We agree with the statement of Judge Weiss, of Westmoreland County, in Commonwealth v. Battistella, 34 D. & C. 2d 201 (1964), at pages 203-04:
“We recognize and apply the principle of leniency when we examine the records of the minor judiciary in accordance with the principle established in Commonwealth v. Challis, 8 Pa. Superior Ct. 130, 132. The records of a justice of the peace are not viewed with ‘hypercritical nicety to discover technical defects’, but, nevertheless, when the transcript is meager, vague and incomplete, the matter is no longer technical but becomes substantive: Commonwealth v. Wagner, 16 D. & C. 2d 162 (1957); Commonwealth v. Goldstein, 46 Westmoreland 5 (1963)”.

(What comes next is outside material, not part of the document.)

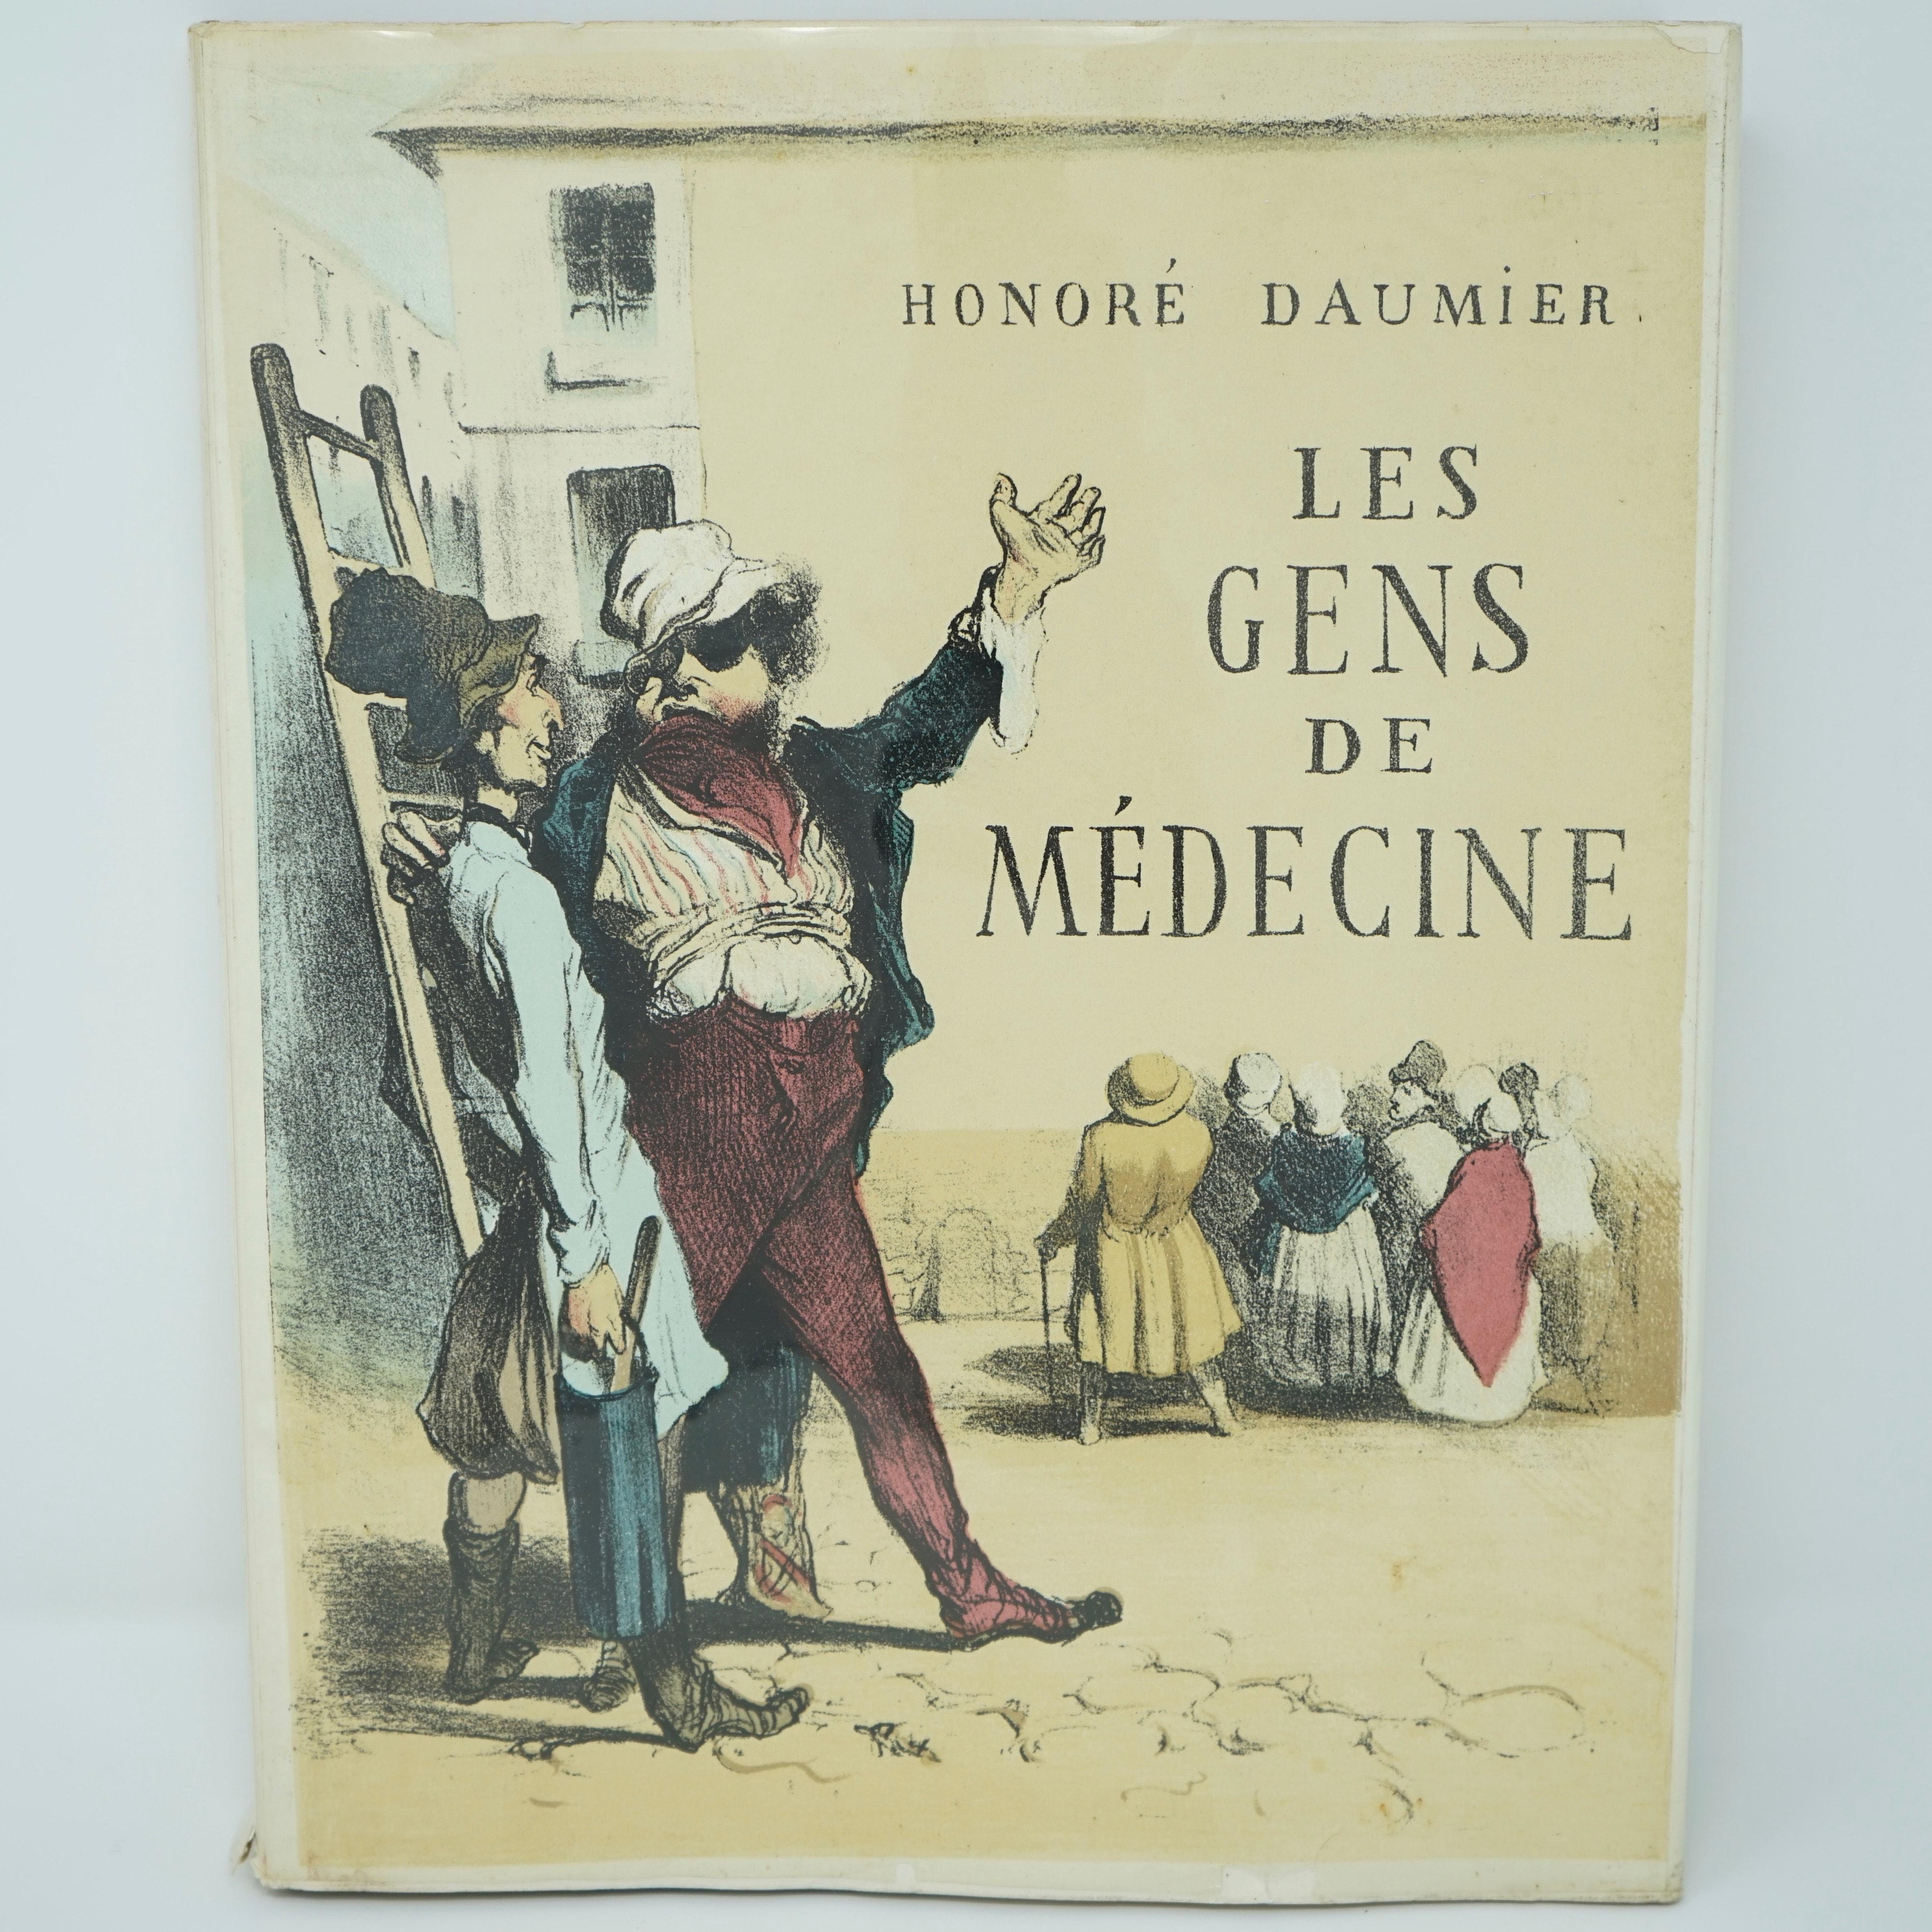 Livre les Gens de Médecine d'Honoré Daumier

In the Battistella case, the court held that the absence of a summary of the testimony of witnesses on the magistrate’s record was a fatal substantive defect that warranted reversal of defendant’s conviction. Other cases in accord are: Commonwealth v. Reist, 79 York 167 (1965); Commonwealth v. Kennedy, 31 Lehigh 40 (1964) ; Commonwealth v. Foreman, 15 Cumb. 11 (1964); Commonwealth v. Gerhart, 60 Lanc. *688185 (1966); Commonwealth v. Wagner, 16 D. & C. 2d 162; Commonwealth v. Schillinger, 39 Luz. 319 (1947).
Order
And now, June 21, 1968, the second exception of defendant to the record of the justice of the peace is sustained, and the judgment finding defendant guilty of the offense charged is set aside and vacated.